• Information shown:
_ _ _
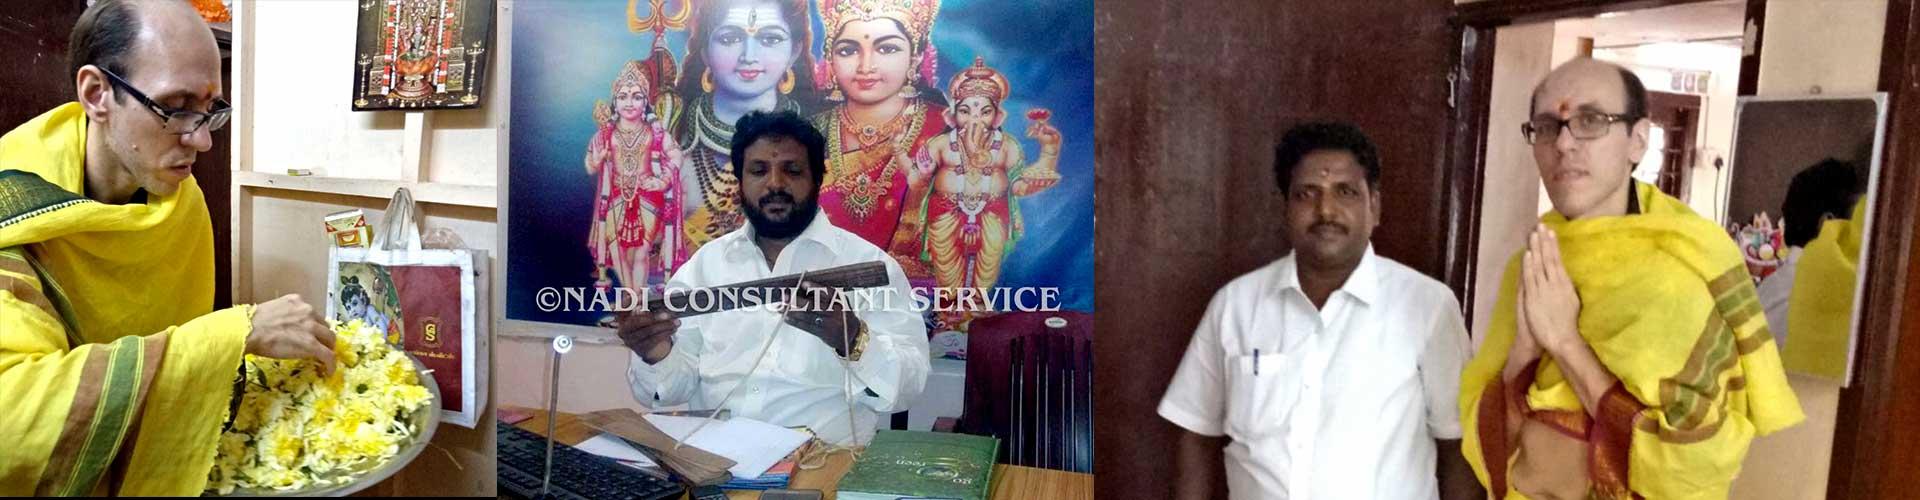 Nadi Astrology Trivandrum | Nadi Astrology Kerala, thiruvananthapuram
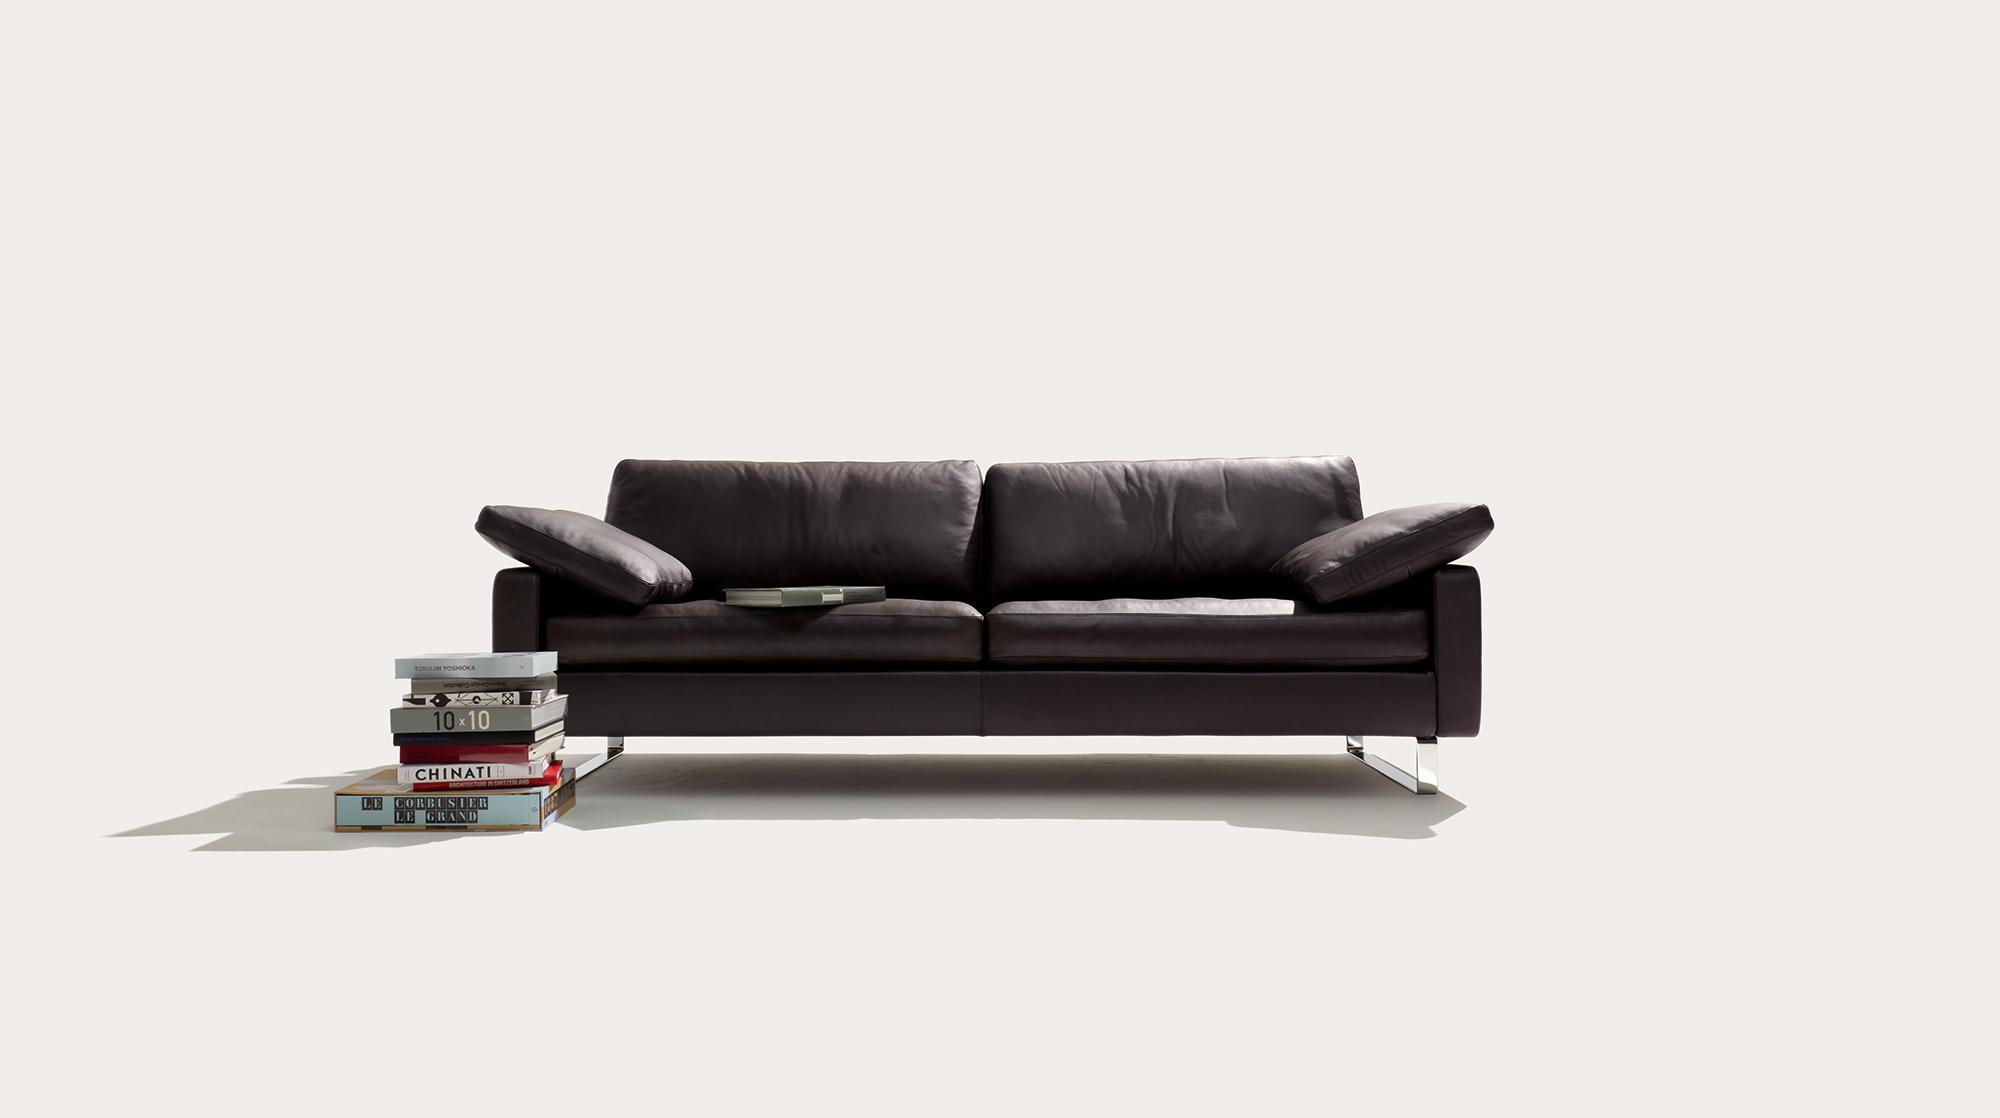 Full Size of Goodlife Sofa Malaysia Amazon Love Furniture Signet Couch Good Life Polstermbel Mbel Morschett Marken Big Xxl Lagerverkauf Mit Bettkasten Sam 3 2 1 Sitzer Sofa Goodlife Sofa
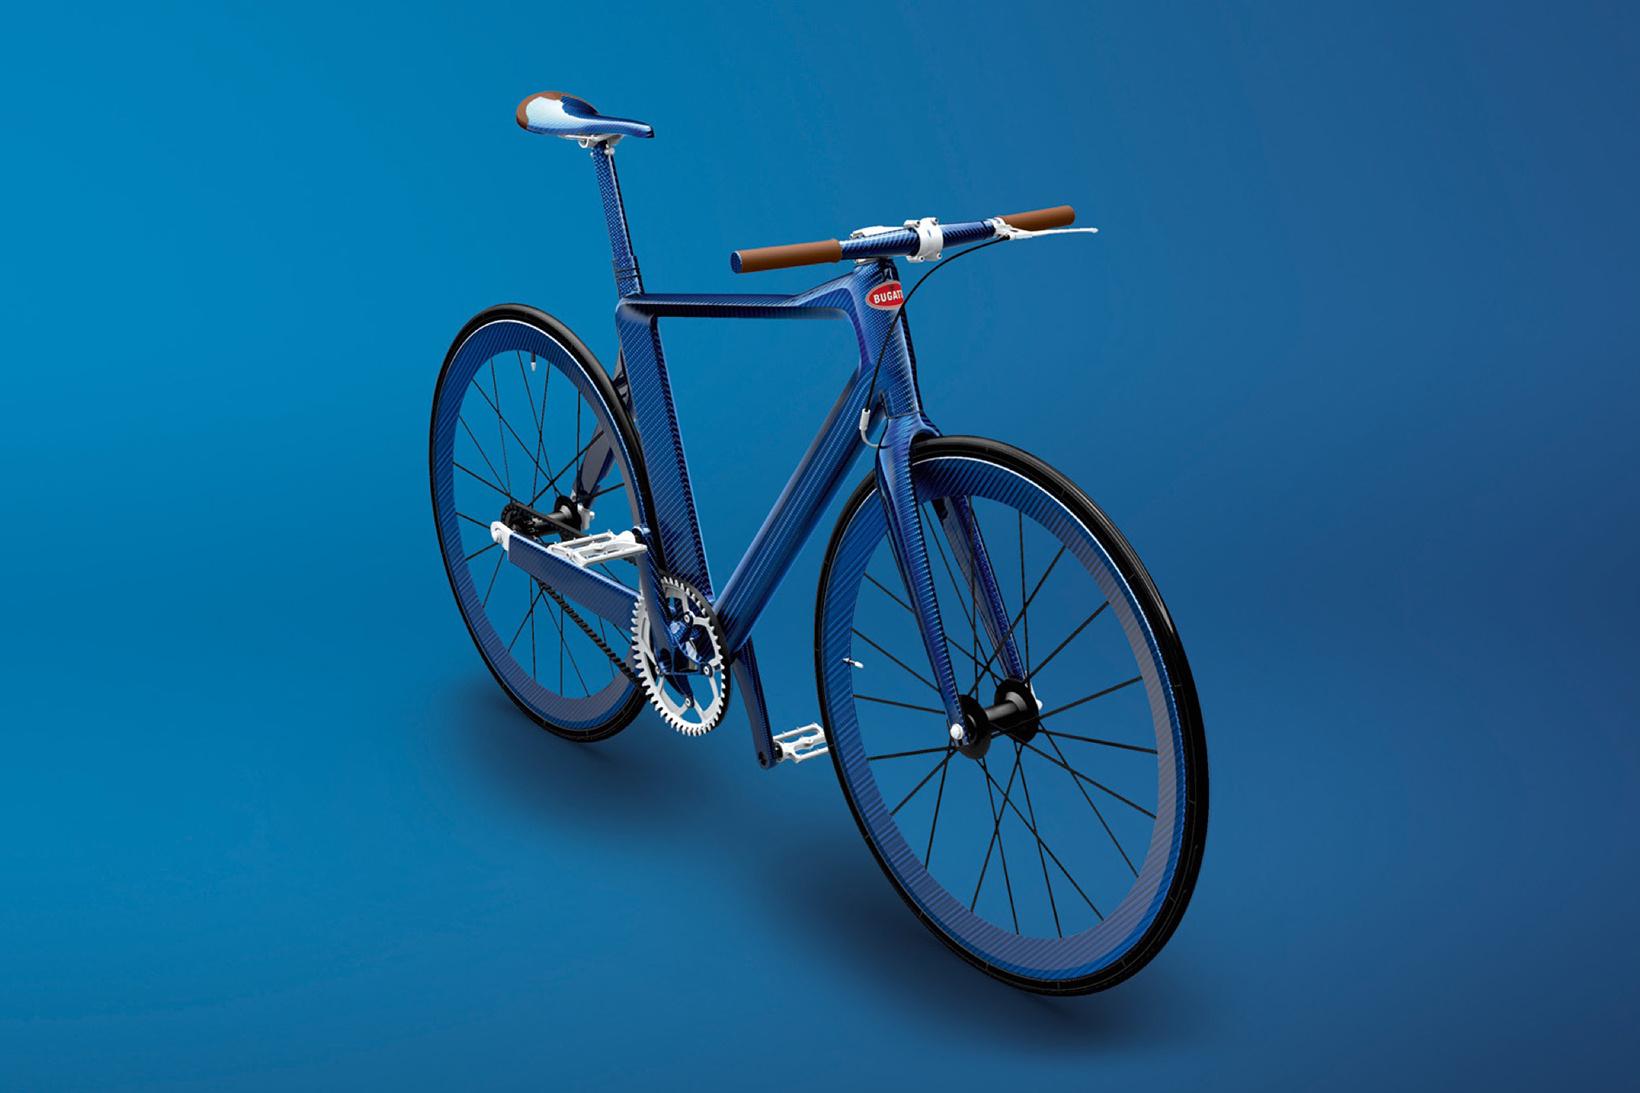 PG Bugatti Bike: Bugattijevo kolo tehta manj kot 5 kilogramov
_ _ _
• Problem description: The answer must repeat every line of the listing exactly and leave the pictures out.

• Task answer:
 Nadi Astrology Trivandrum | Nadi Astrology Kerala, thiruvananthapuram
 Full Size of Goodlife Sofa Malaysia Amazon Love Furniture Signet Couch Good Life Polstermbel Mbel Morschett Marken Big Xxl Lagerverkauf Mit Bettkasten Sam 3 2 1 Sitzer Sofa Goodlife Sofa
 PG Bugatti Bike: Bugattijevo kolo tehta manj kot 5 kilogramov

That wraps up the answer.